Workflows don’t only take text. An Input node can declare an image or a file parameter, and the run dialog turns it into an upload box. Images feed vision models (and Python, if you want); files feed Python. Everything is uploaded at run time — and for Python, Catalyst stages the upload onto disk at ./inputs/<param>.<ext> — the extension follows the upload, so glob it rather than hardcoding it — and your code reads it straight off the filesystem. This page walks through both, building on the Build your first workflow tutorial.

Workflows can take a picture as input and hand it to a vision model. Two pieces make this work: an image parameter on the Input node (the run dialog turns it into a file picker), and an Images field on the LLM node (which attaches the picture to the model as vision content — the only way to make the model actually see it, rather than read a URL). Here’s the whole thing: a 3-node Input → LLM → Output workflow called Image Describe that takes a photo and returns a one-line description.

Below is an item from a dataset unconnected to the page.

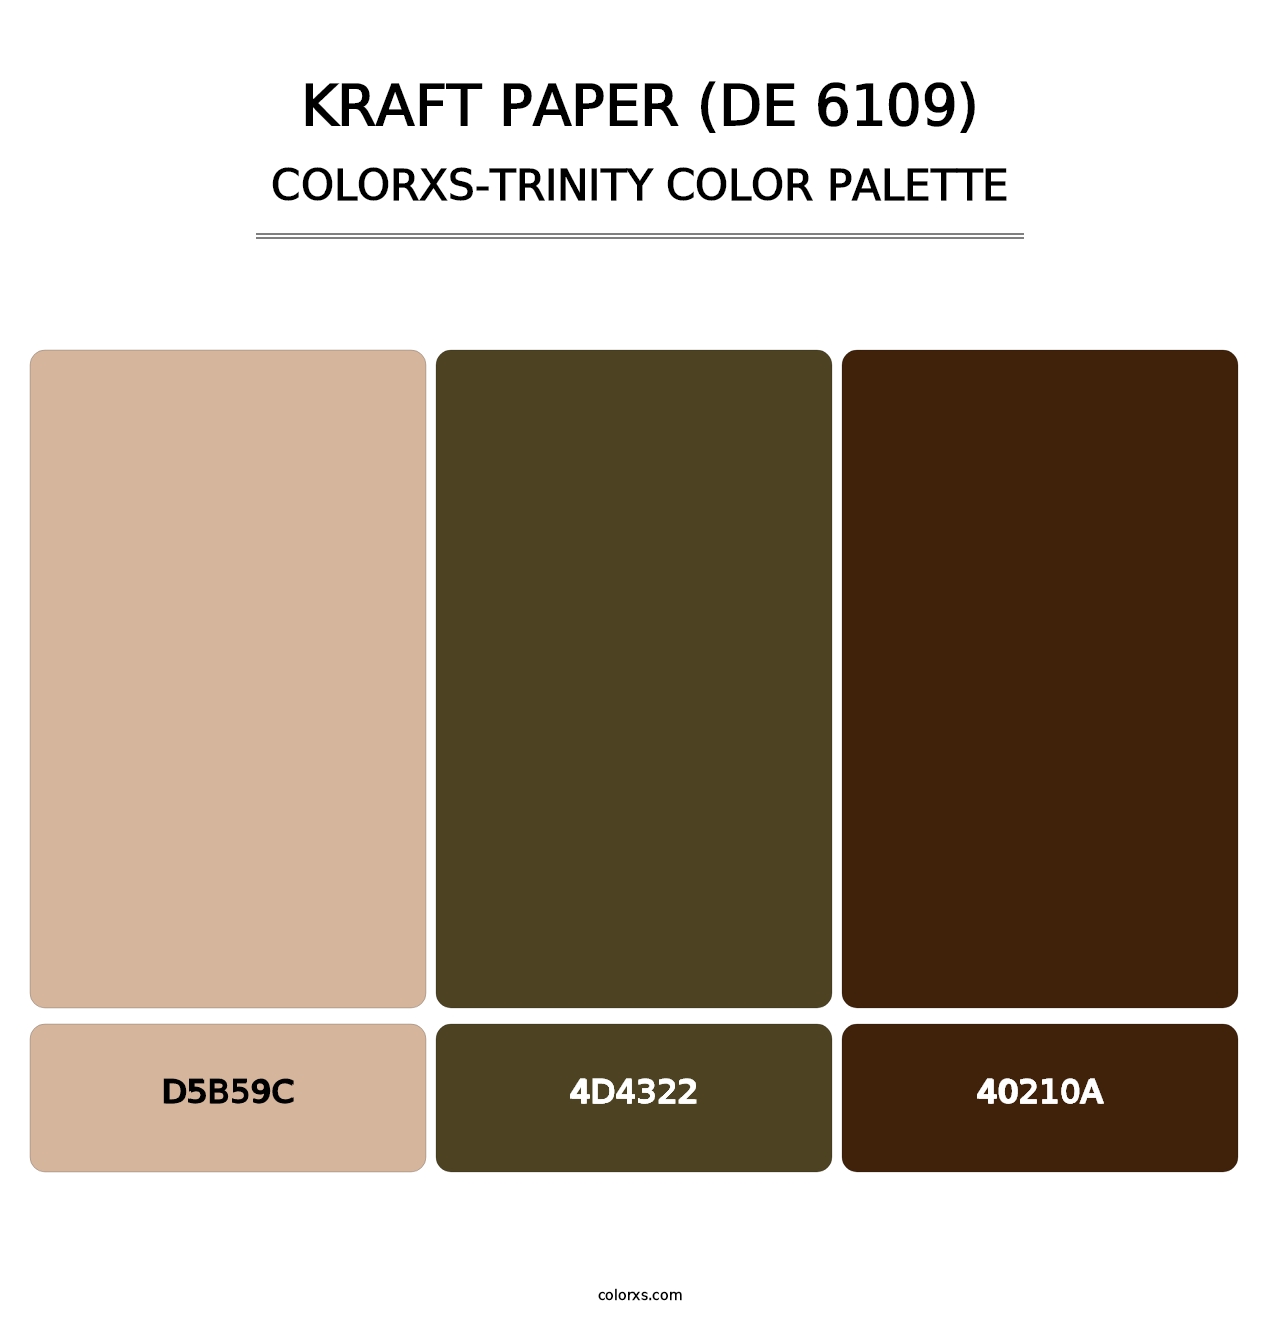 Kraft Paper (DE 6109) - Colorxs Trinity Palette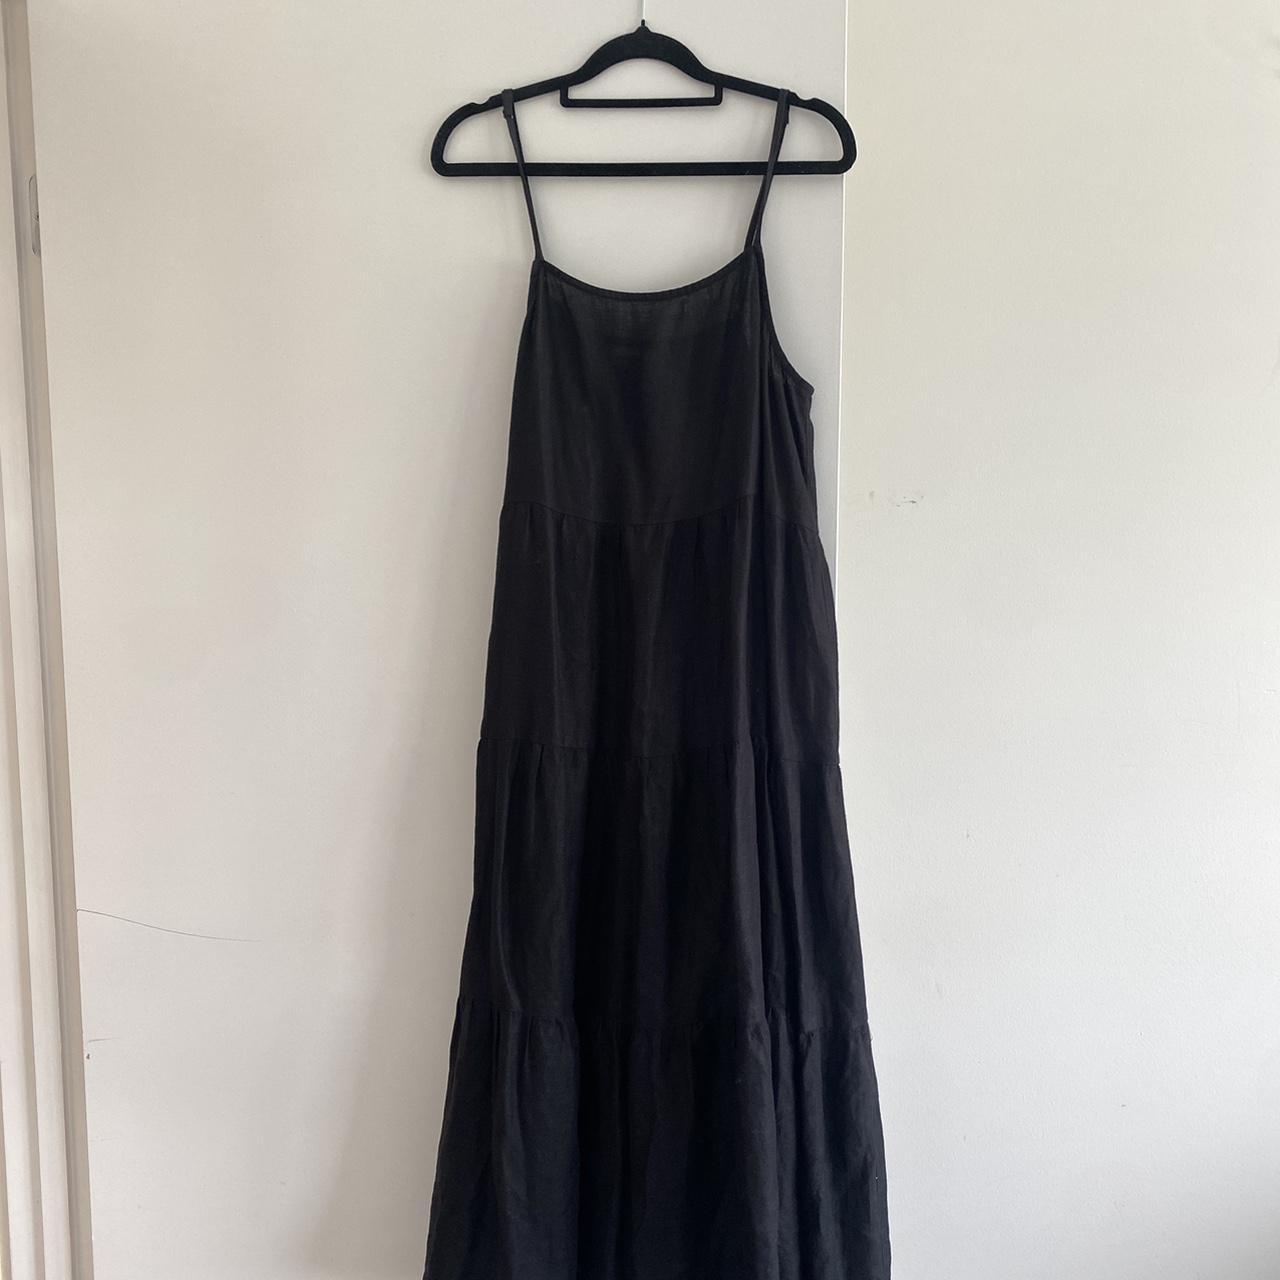 Seed Heritage Black Midi Dress Size 10 - 14... - Depop

  1. Add an Input node with an image parameter. Drag Input on, open Properties, add a parameter named photo, and set its type to image. That type is what turns the run prompt into an upload box.

    Input node parameter set to the image type
  2. Add an LLM node and fill in its Images field. Drag LLM on and pick a vision-capable model (here, claude-sonnet-4-6). On the Prompt tab, write:

    Describe this image in one vivid sentence.

    Then open the Images tab and add a reference to the uploaded photo with Add image:

    {{ input.parameters.photo }}
    LLM node Images field referencing an input image parameter

    The model must be vision-capable for it to truly see the picture. If you point this at a text-only model, Catalyst doesn’t error — it falls back to appending the image URL to the prompt as text, which the model can’t actually look at.

  3. Add an Output node. Map a single field — description{{ llm.text }} — so the run returns the model’s sentence. Connect the nodes input → llm → output.

Now run it:

  1. Click Run. Because the workflow declares an image parameter, the Workflow Parameters dialog shows a Choose image button instead of a text field.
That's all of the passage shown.